Wicked Girls is the most powerful magic I know. You have no idea -- maybe you do -- of just how much it has meant to me during the past two years, during the whole getting on disability thing. The process is dehumanizing in the extreme, and when you don't feel human, it's easy to let go and stop caring whether you live or die. It is a broken, lost road indeed. And there's nothing here at the end of it but a pittance that won't support me, even though I would be even more screwed without it. I feel lost and hopeless much of the time. And that song gives me a sense of there being a place for me nevertheless. It restores some of my sense of being human. It has also been there for me as my relationship changes and becomes something else I don't understand, but still hold very dear. It reminds me that I exist for myself, not for other people, and that I can't let those other people define me. I can't listen to it very often, because it's painful like a limb coming awake is painful. But it's Necessary.

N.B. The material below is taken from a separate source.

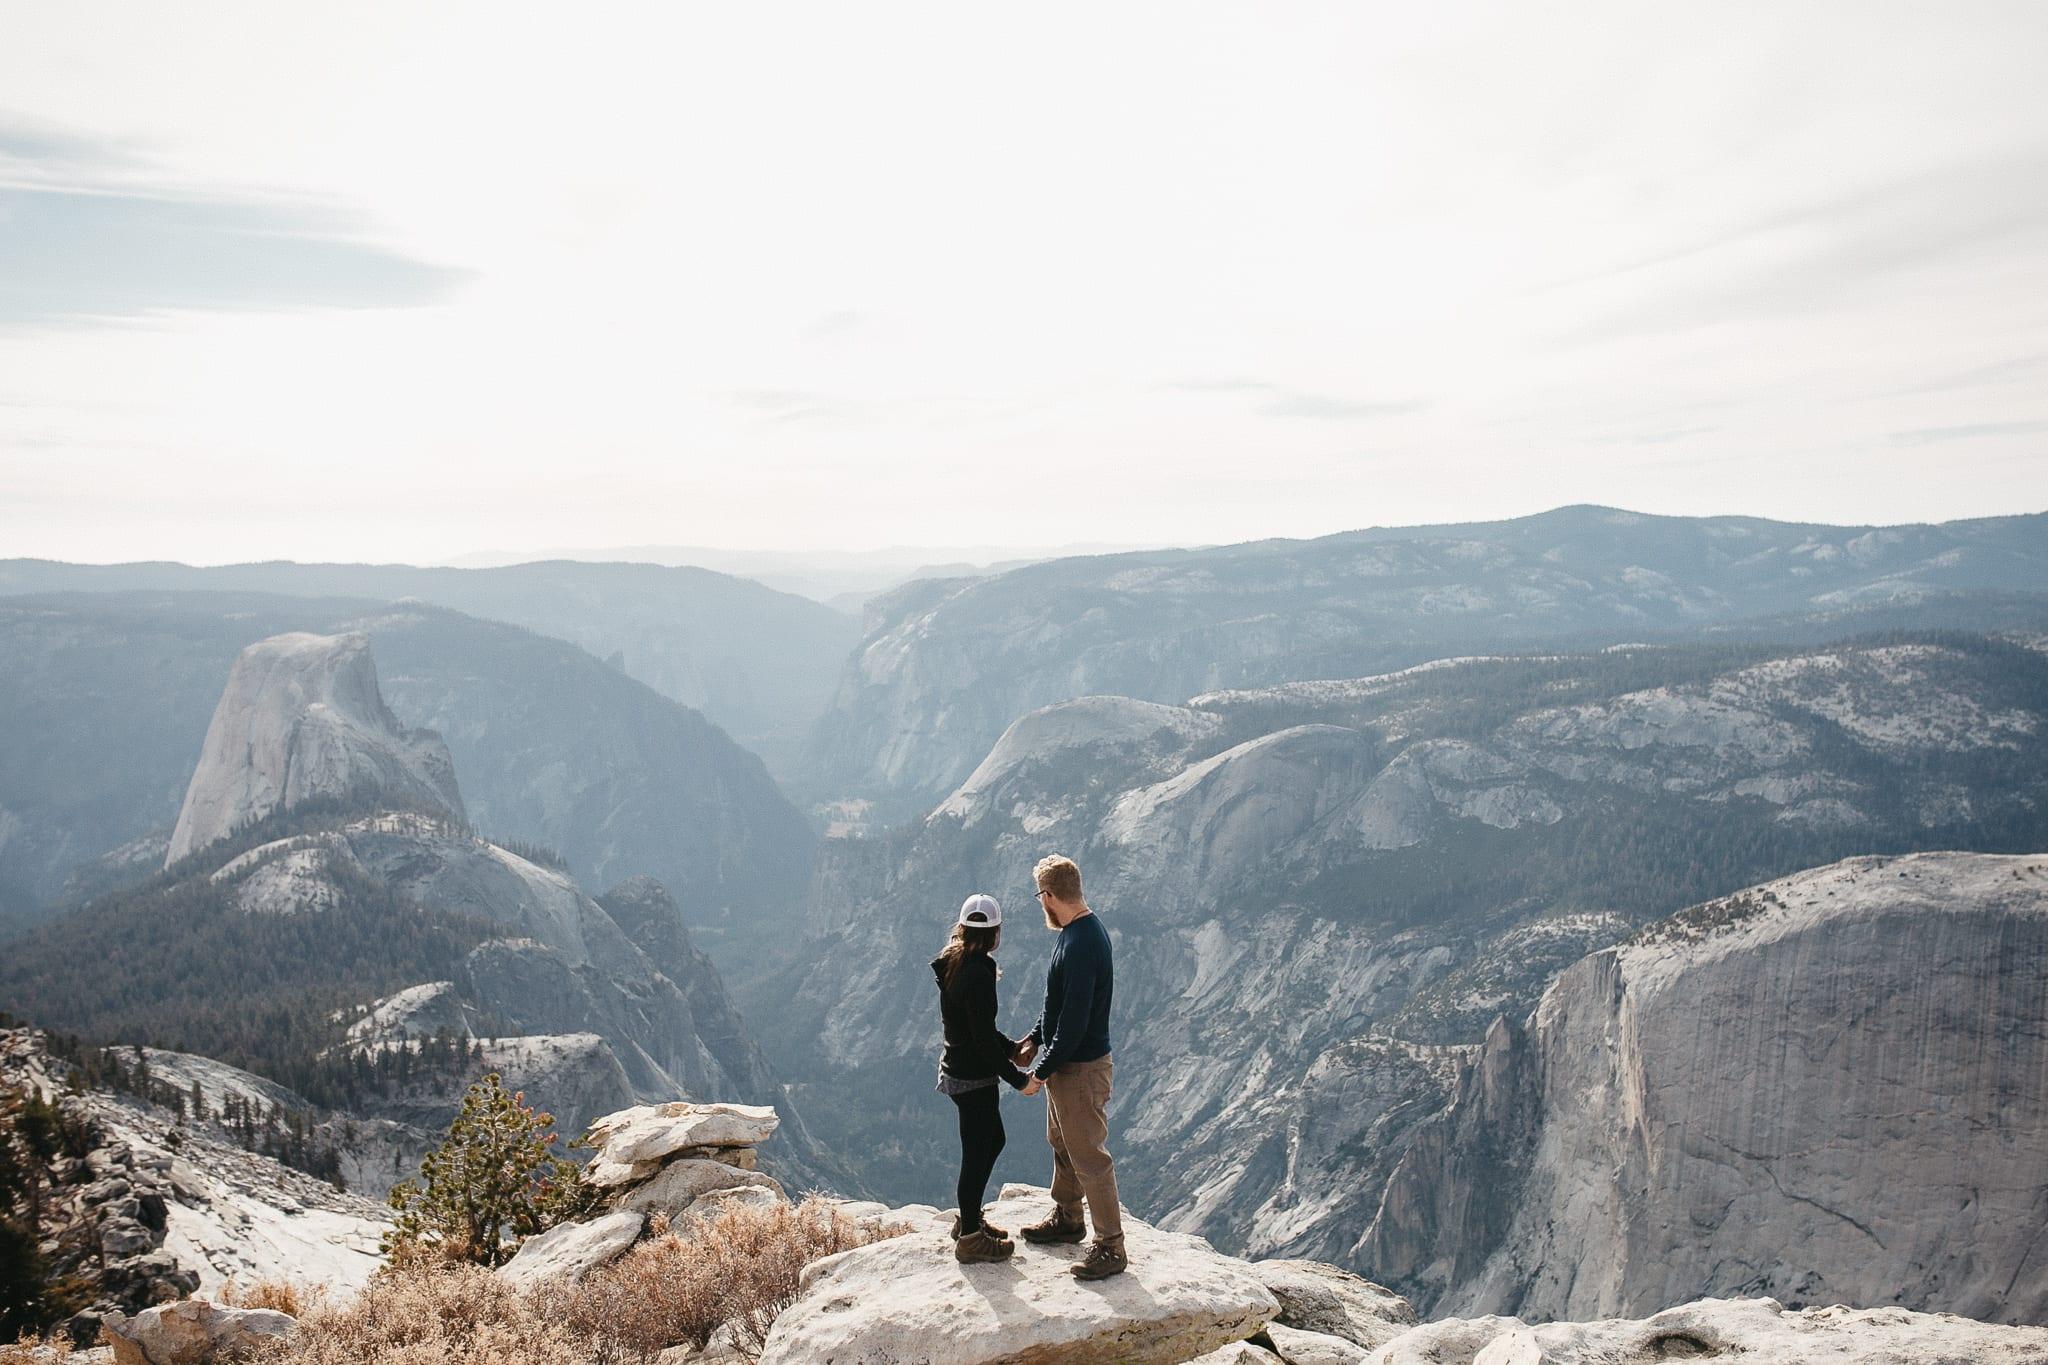 clouds-rest-yosemite-california-engagement-lifestyle-adventure-photographer-22

That's the magic you've wrought, the magic of words, and that's the gift you've passed on. You have saved more lives than you can ever know. I have no doubt of that. You've lifted hearts away from that place before people even have to go there. I know some of those people personally. I love some of those people passionately. Thank you.

And I'm incredibly grateful to Pamela Dean for being there for you, in that capacity, as you have gone on to be there for others.
I spend a great deal of time in that place. It's so hard.

I am so glad to have helped in any sense, my darling. I love you.